> **Exercise**
Write the data out again, character for character, with no images.
═══ Data segment ═══
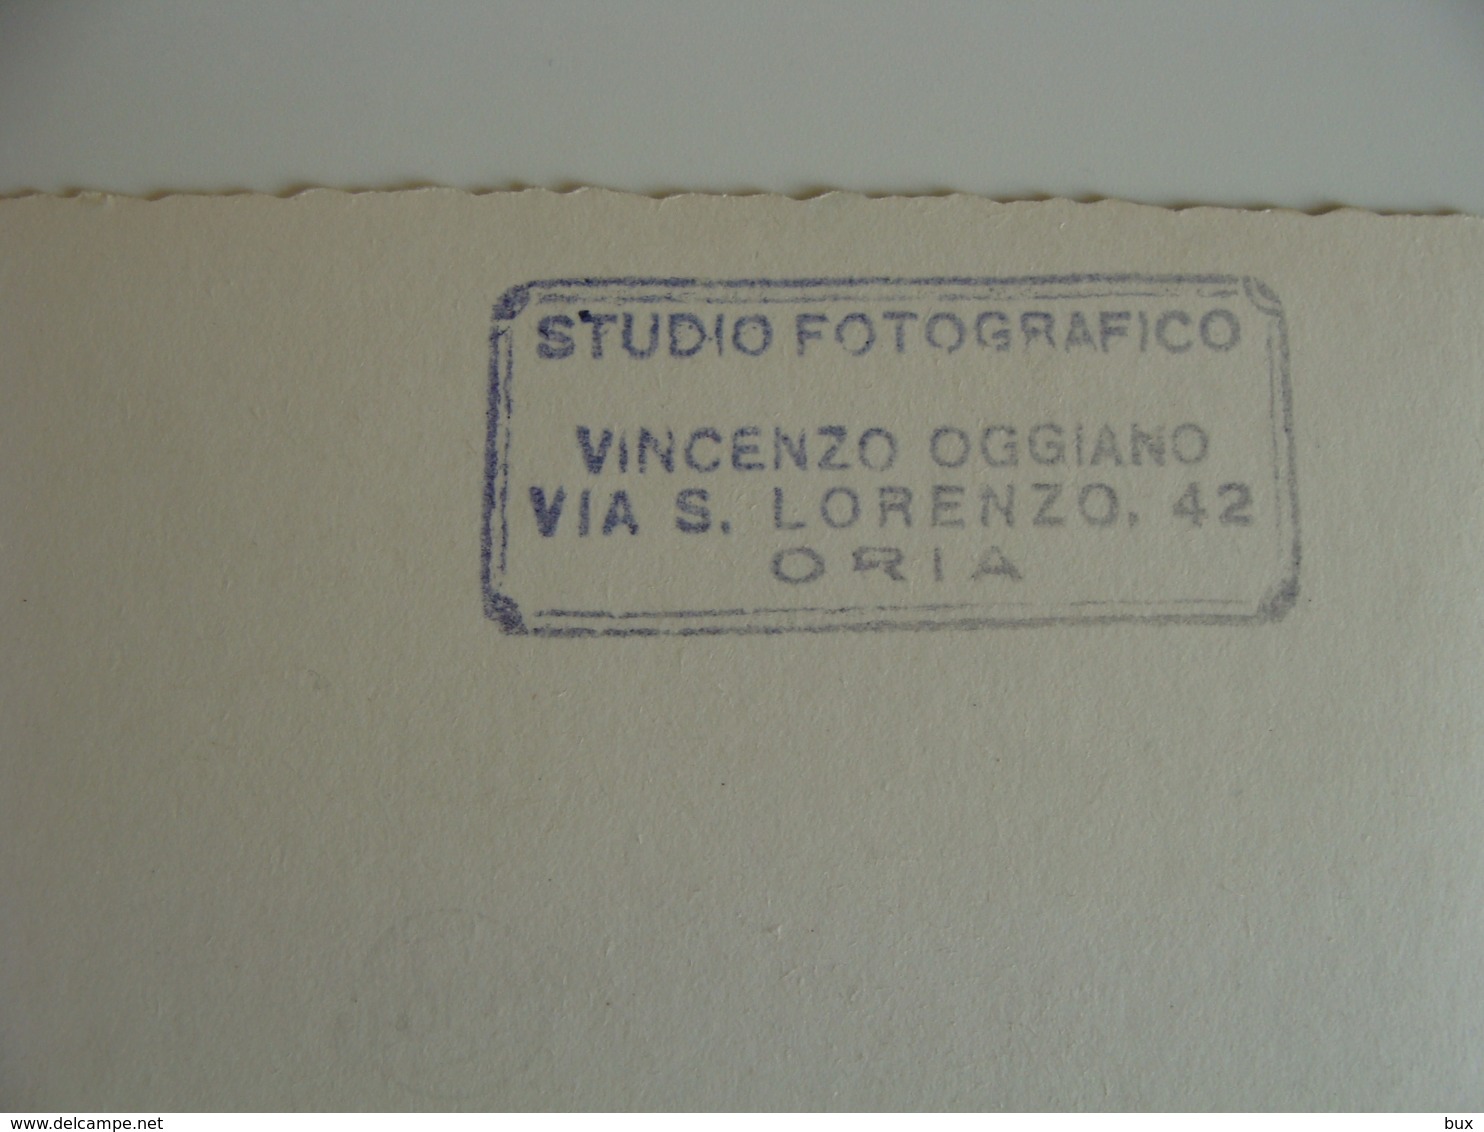 POLIZIA URBANA  POSA CORONA SUL CARTELLO 1962  FOTO  VINCENZO OGGIANO   VIA S. LORENZO ORIA  15   X  10,5  Cm CIRCA - Luoghi
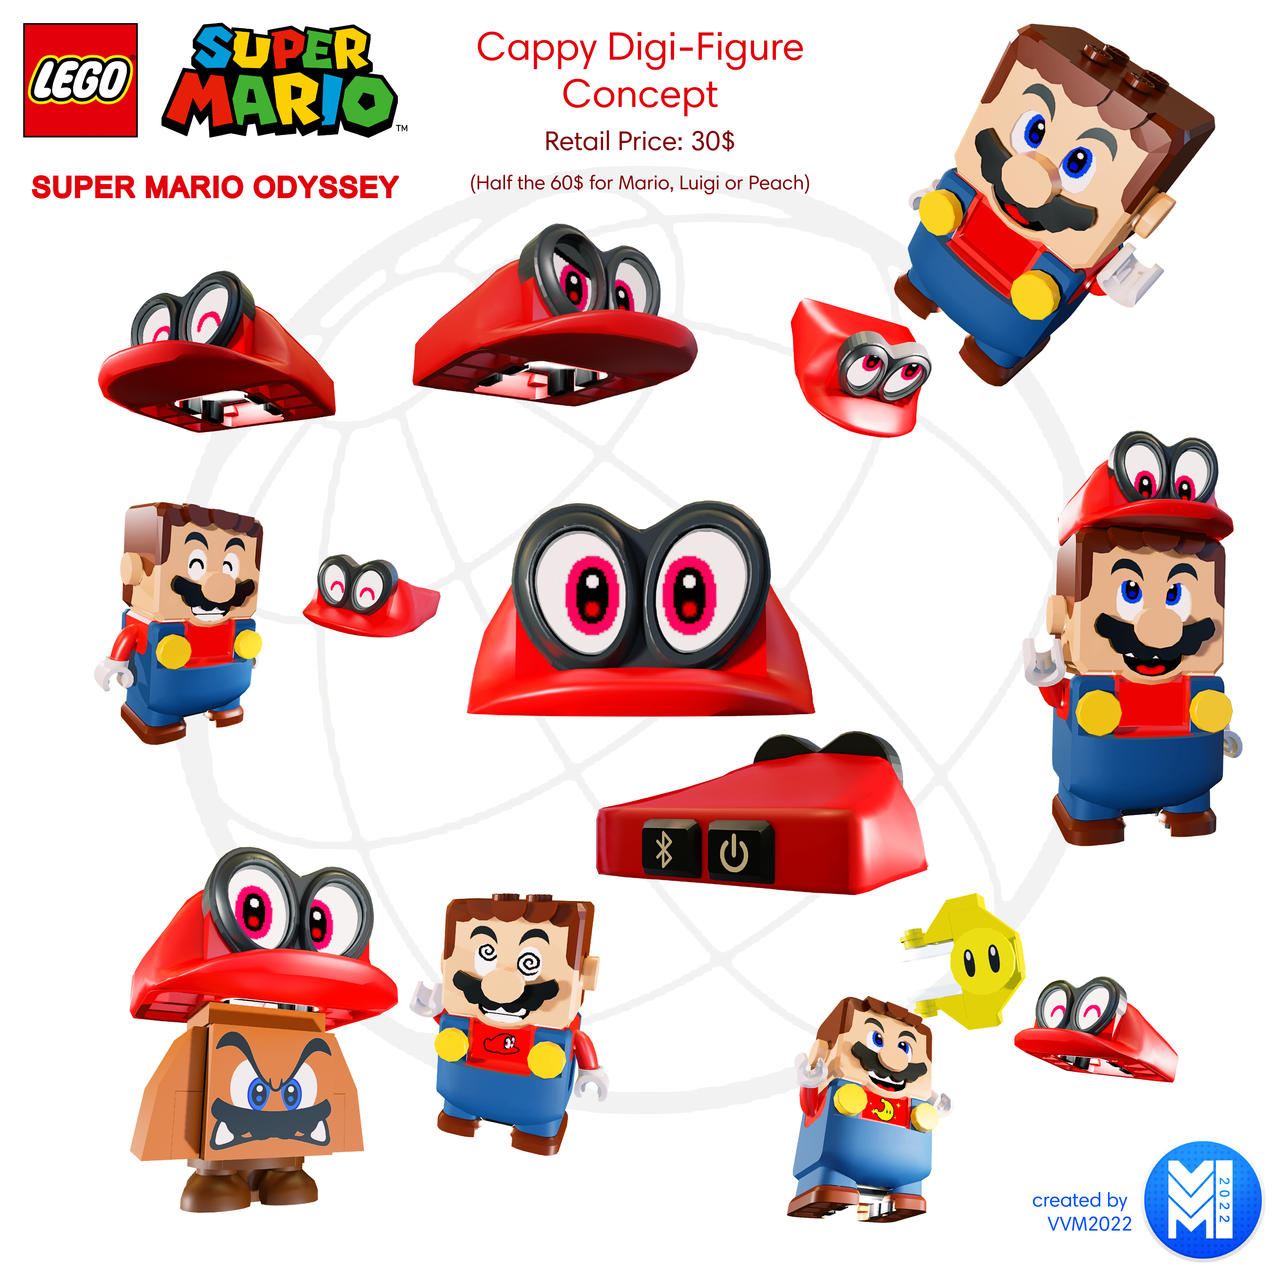 LEGO Super Mario Odyssey - Cappy Design by VVM2022 by VinVinMario on  DeviantArt
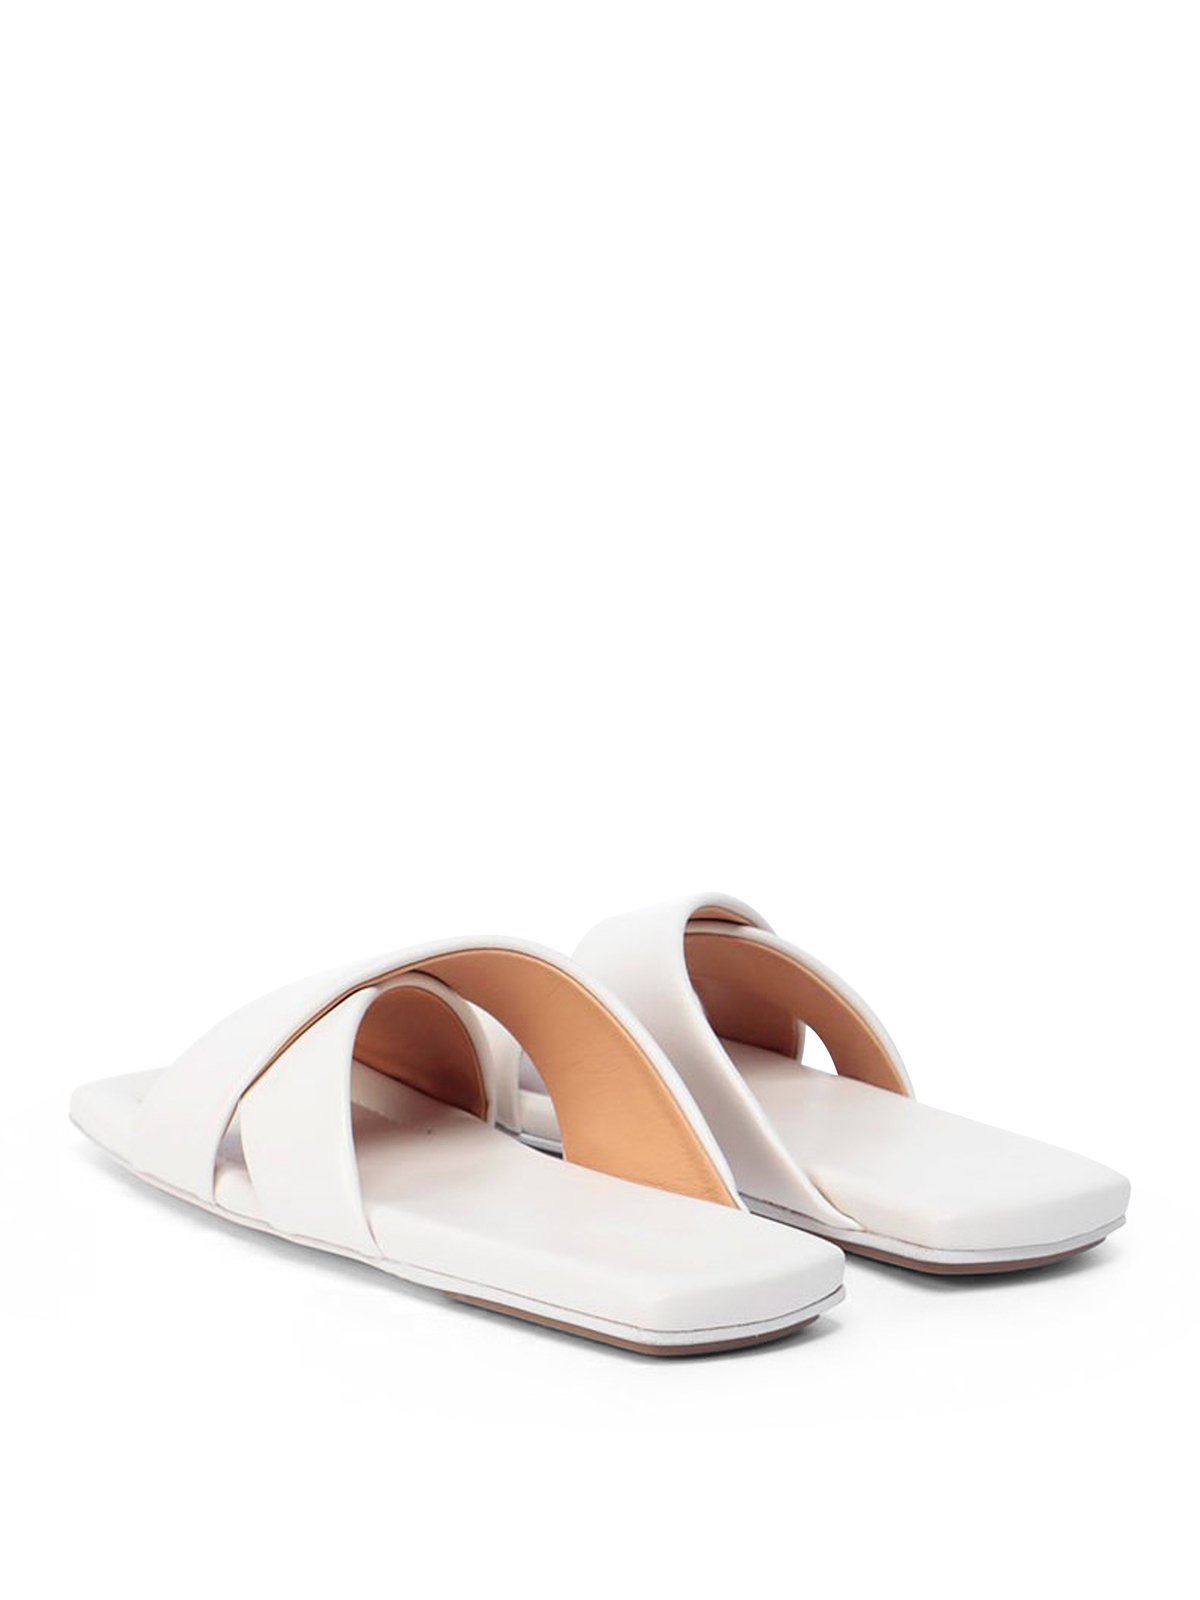 Sandals Marsèll - Tavola sandals - MW6803180 | Shop online at iKRIX
═══
> **Response to this task**
 POLIZIA URBANA  POSA CORONA SUL CARTELLO 1962  FOTO  VINCENZO OGGIANO   VIA S. LORENZO ORIA  15   X  10,5  Cm CIRCA - Luoghi
 LEGO Super Mario Odyssey - Cappy Design by VVM2022 by VinVinMario on  DeviantArt
 Sandals Marsèll - Tavola sandals - MW6803180 | Shop online at iKRIX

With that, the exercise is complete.